◆ Work request
Images are to be dropped, and the rest of the data reproduced exactly.

◆ Data shown
####

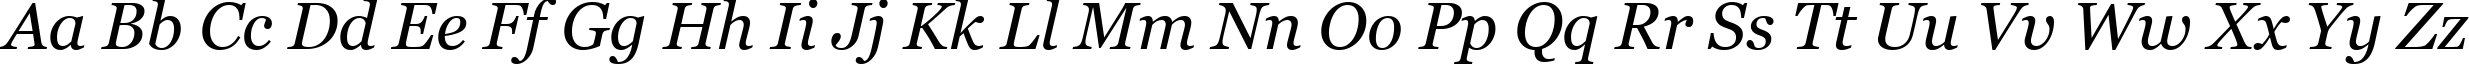 Пример написания английского алфавита шрифтом Georgia Italic
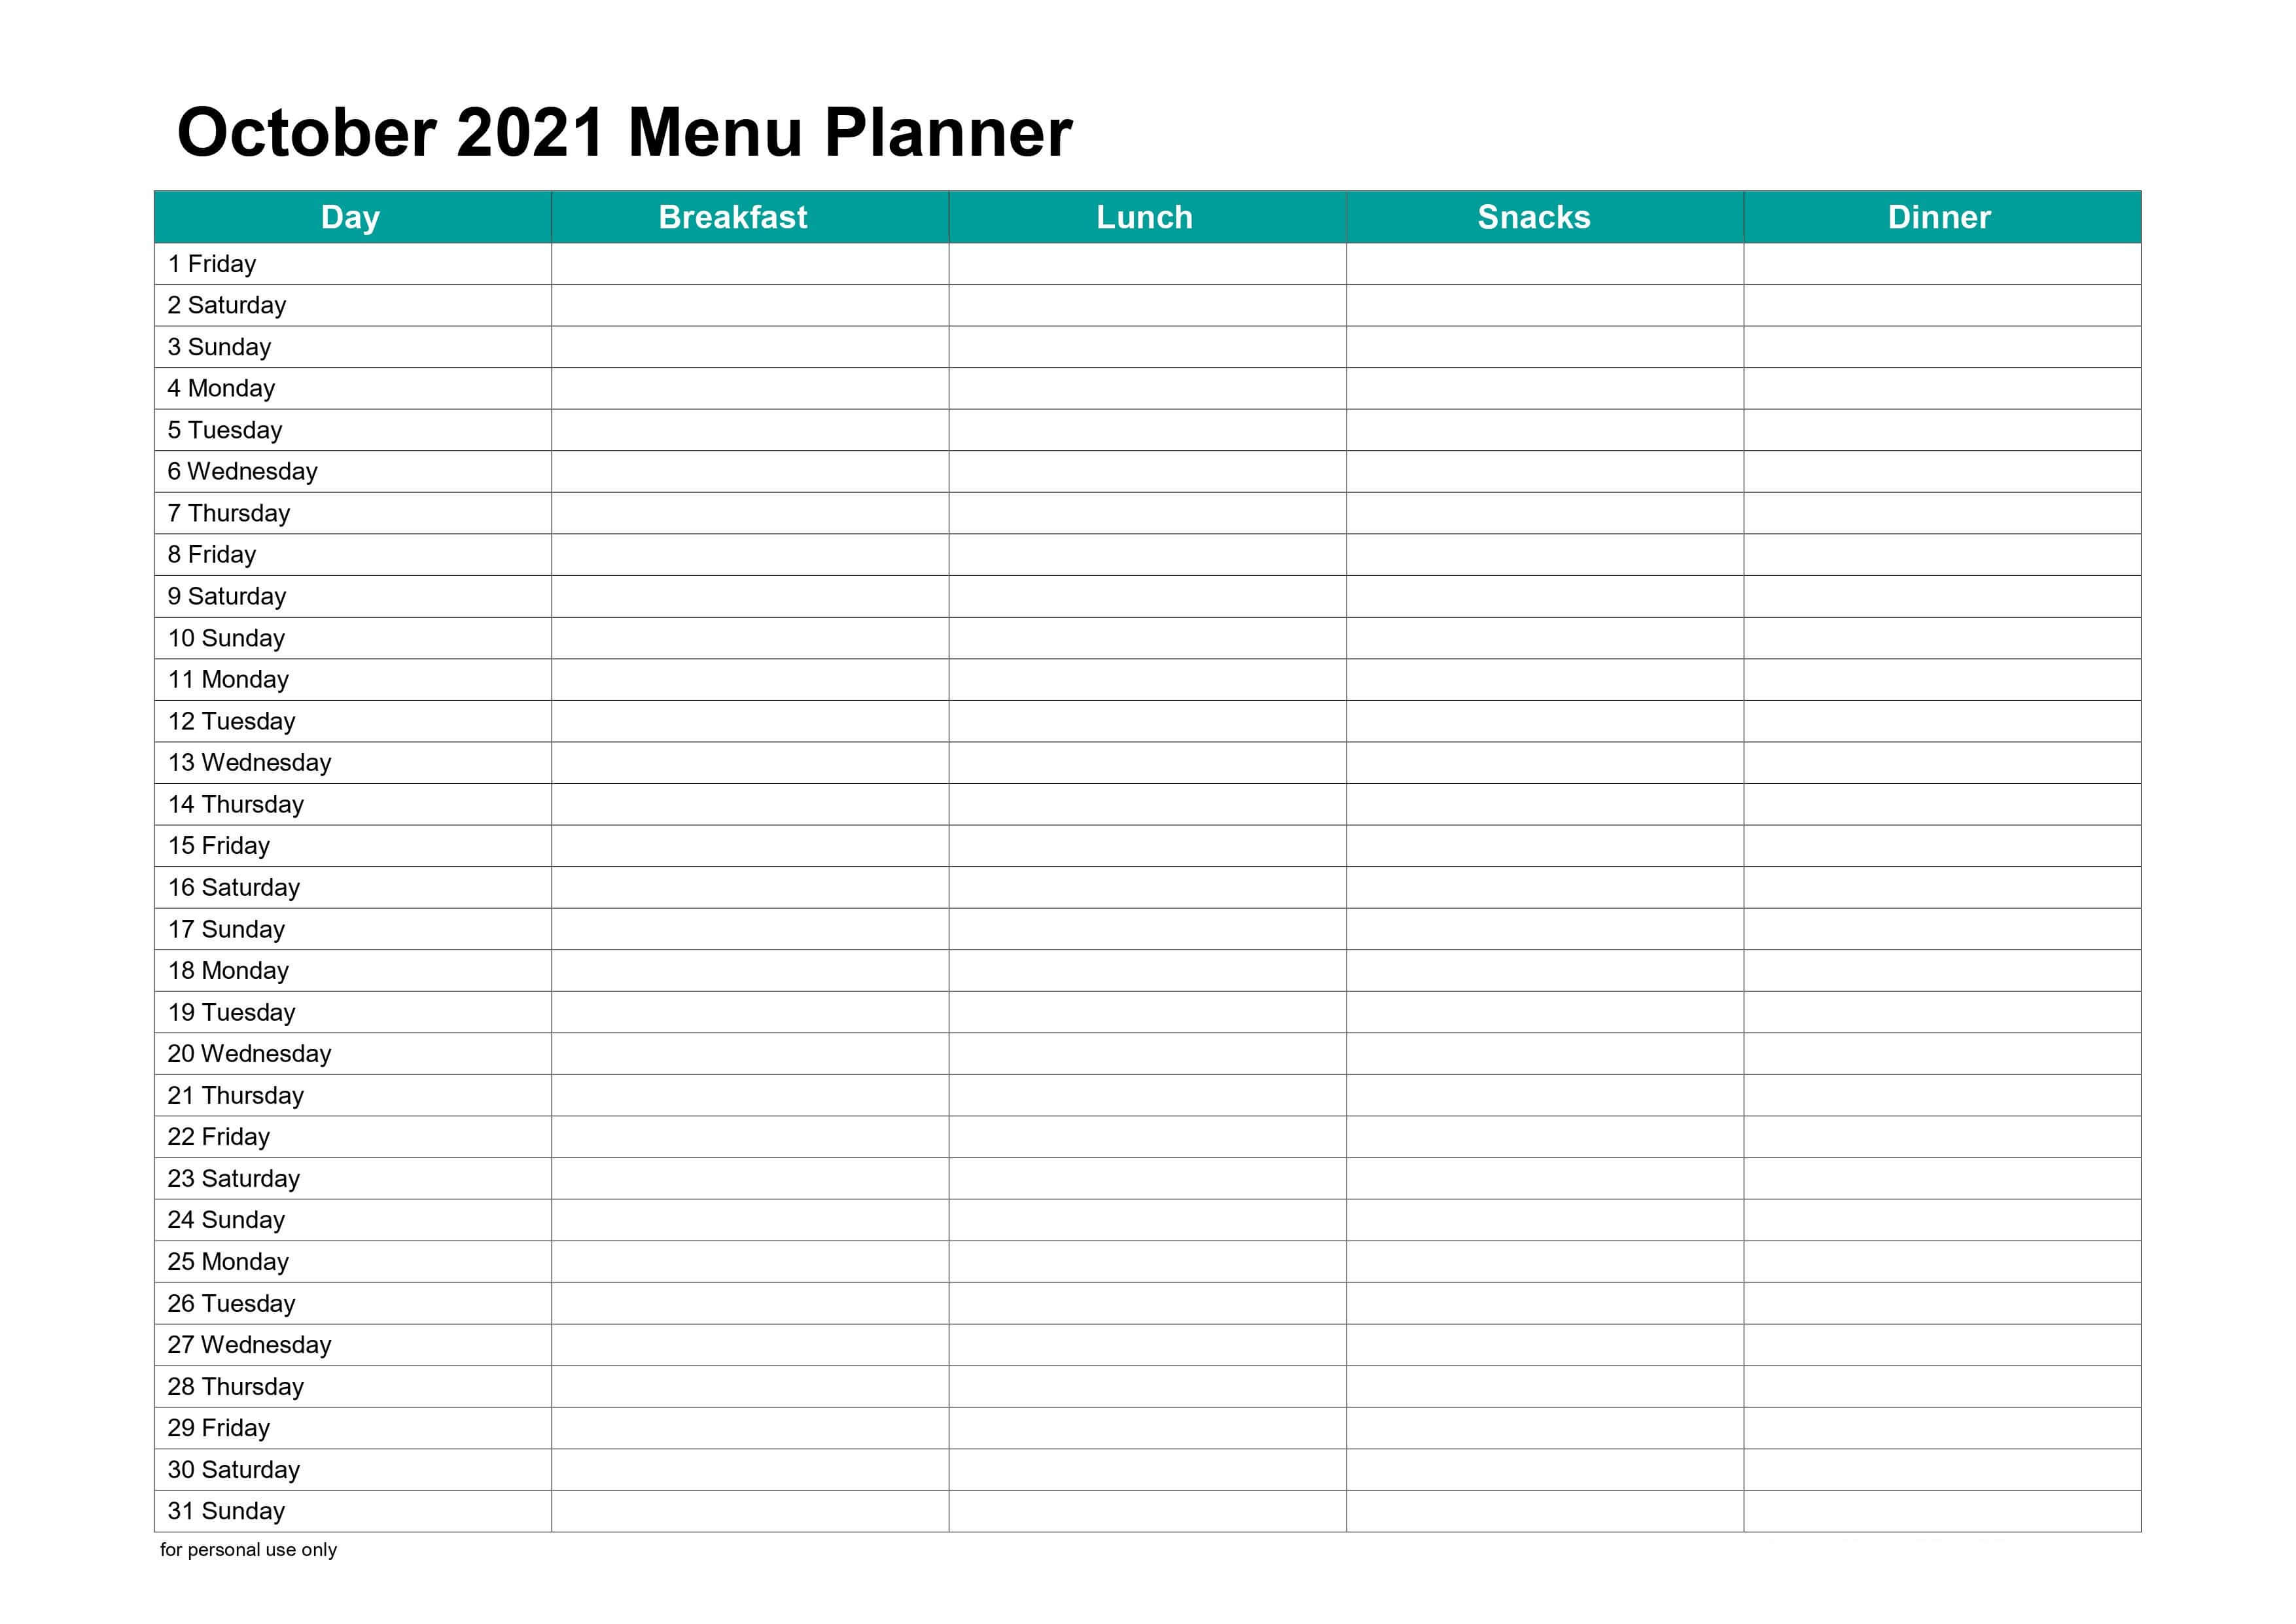 October 2021 Menu Planner
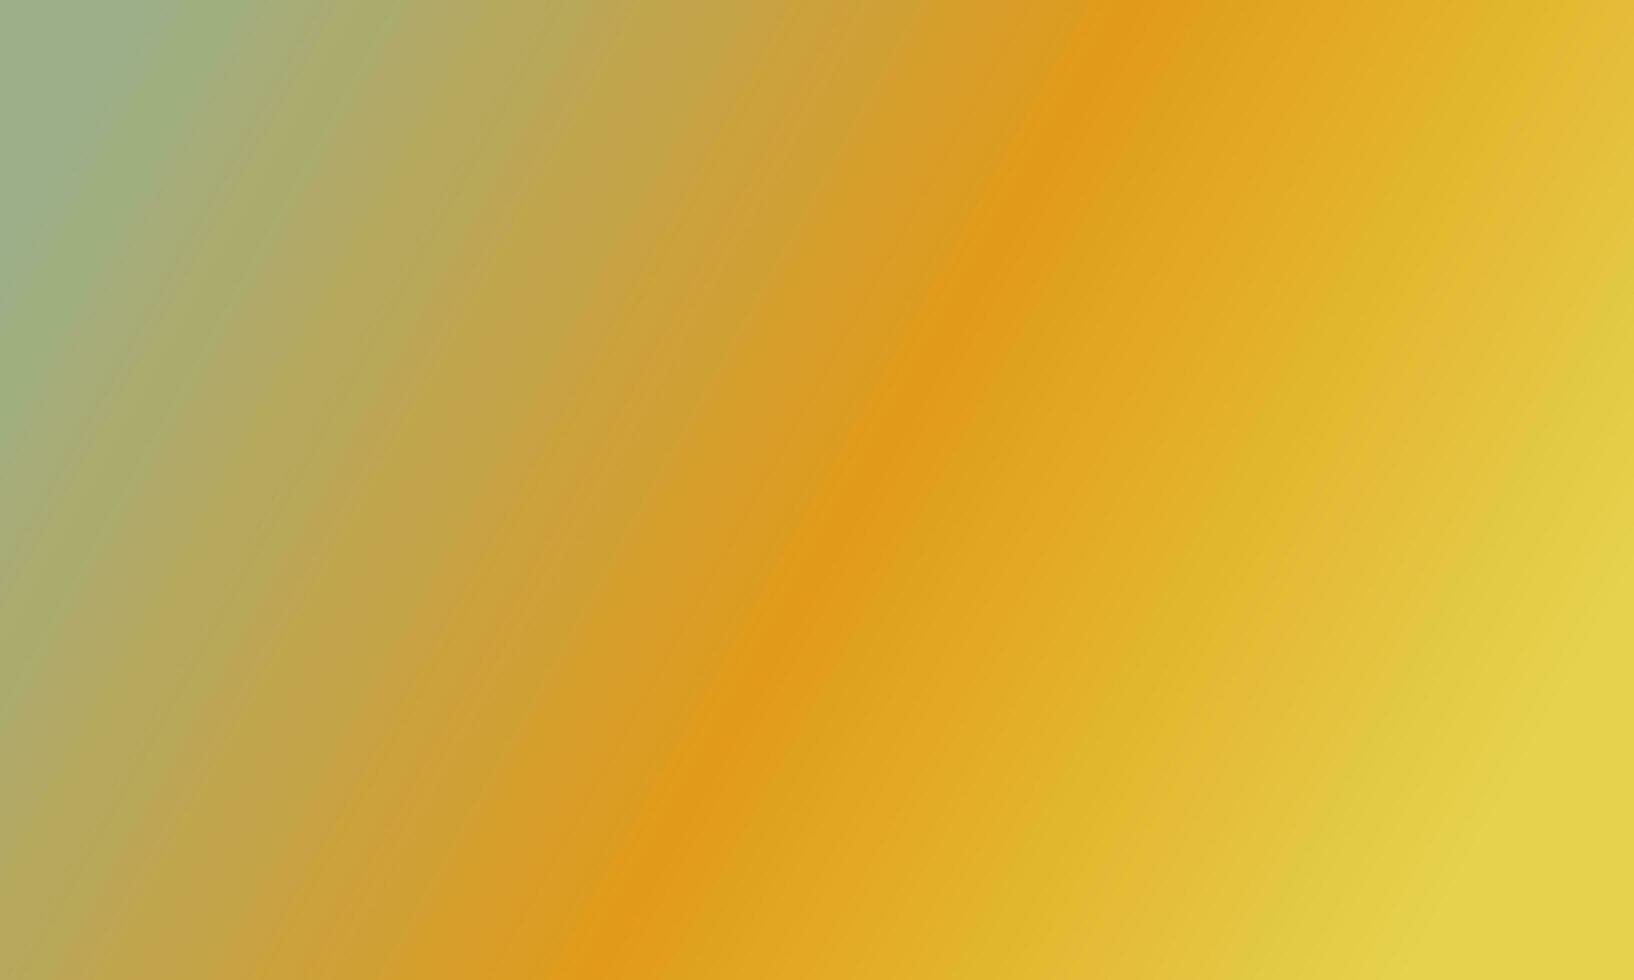 Projeto simples sábio verde, laranja e amarelo gradiente cor ilustração fundo foto
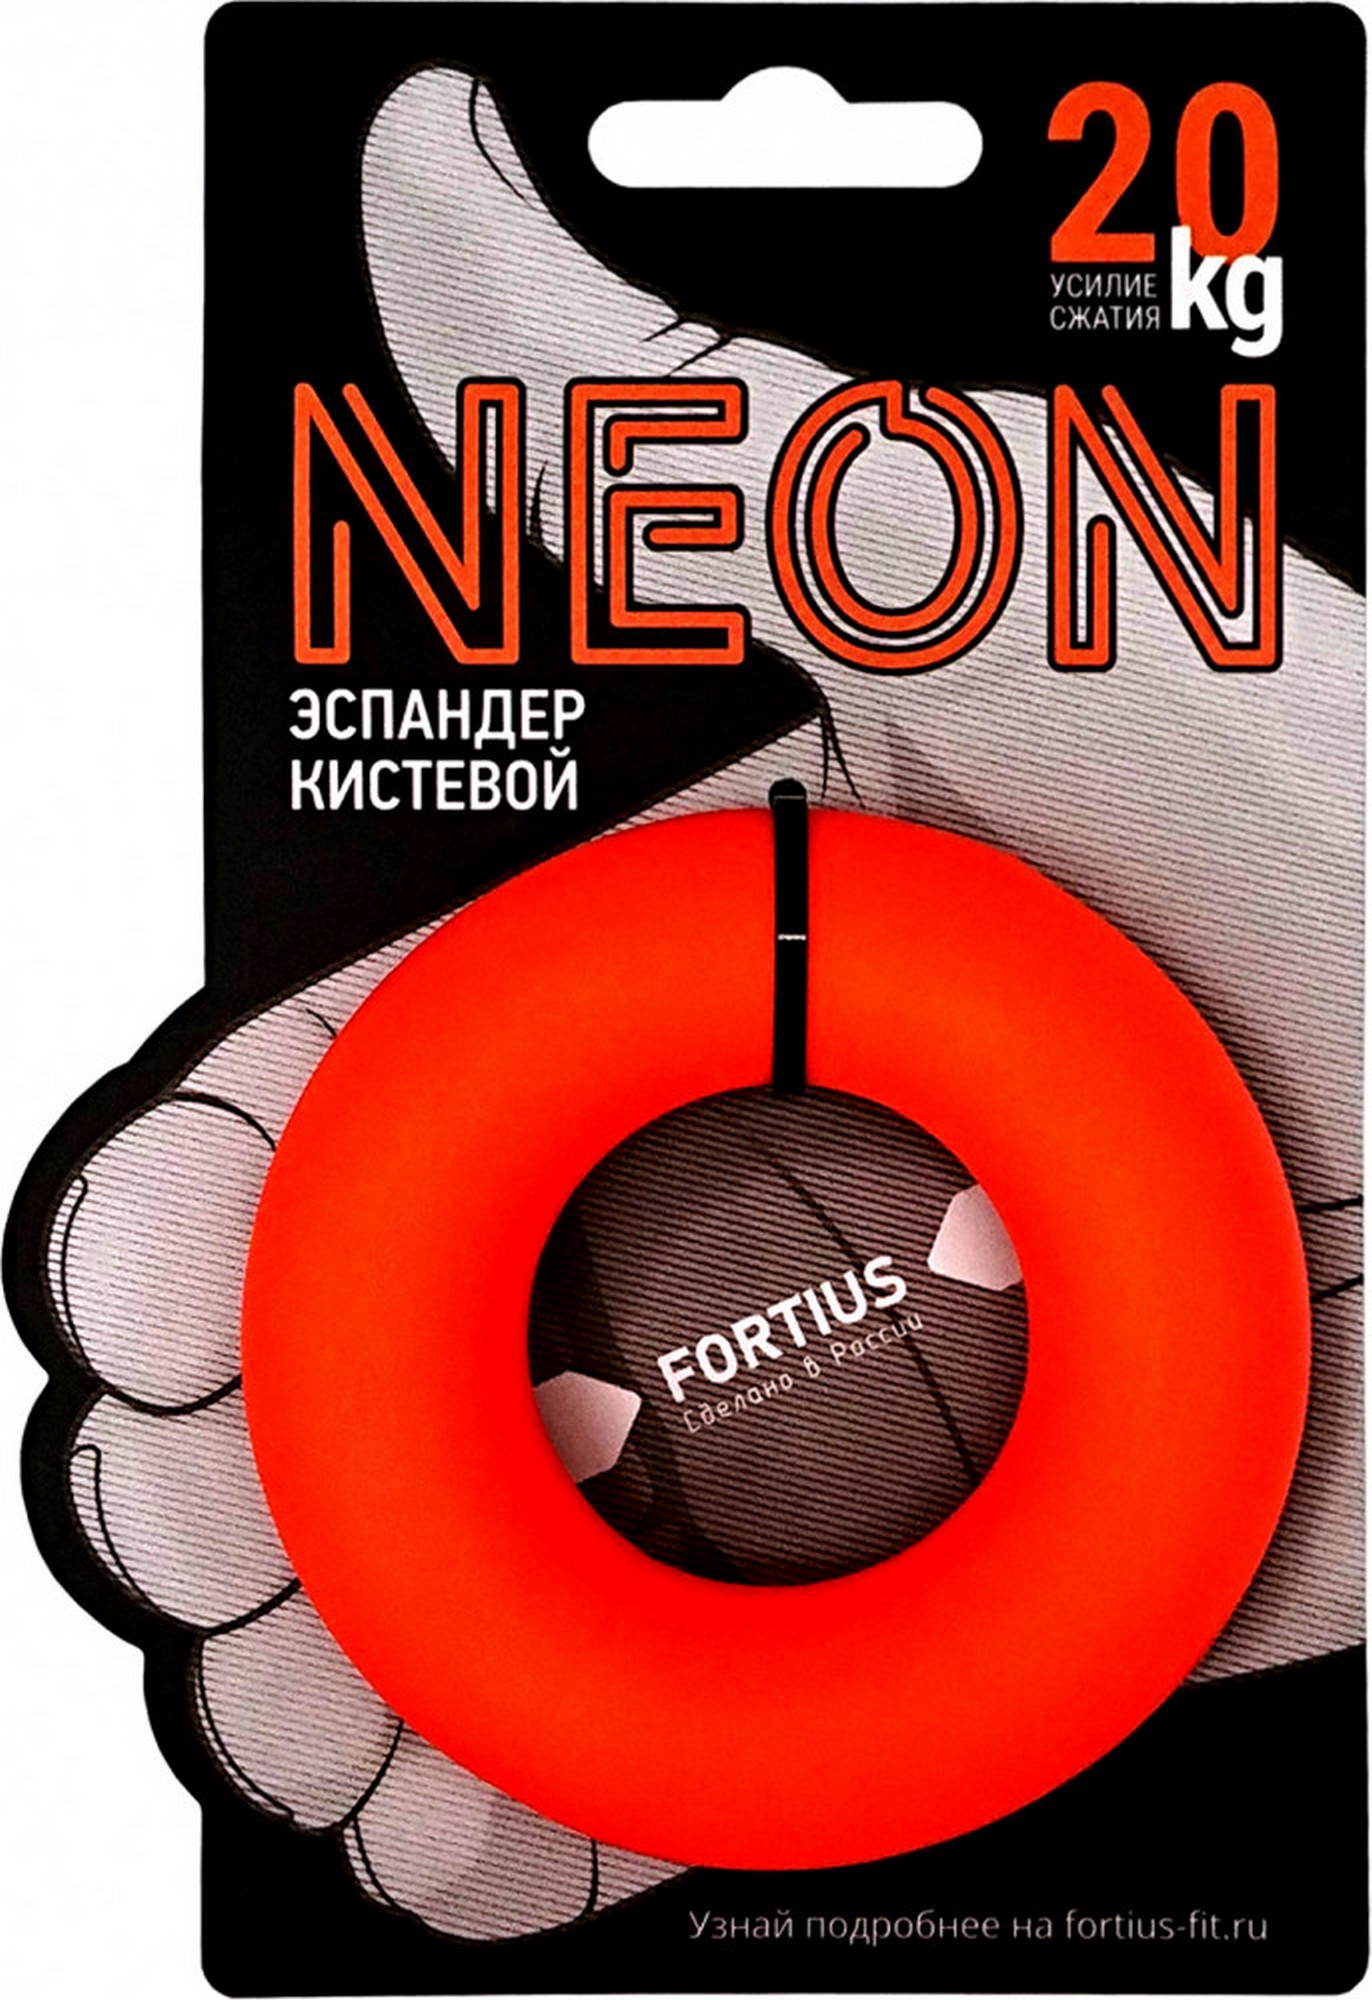 Эспандер кистевой Fortius Neon 20 кг H180701-20FO оранжевый 1372_2000

####

◆ Output for this task
 Пример написания английского алфавита шрифтом Georgia Italic
 October 2021 Menu Planner
 Projeto simples sábio verde, laranja e amarelo gradiente cor ilustração fundo foto
 Эспандер кистевой Fortius Neon 20 кг H180701-20FO оранжевый 1372_2000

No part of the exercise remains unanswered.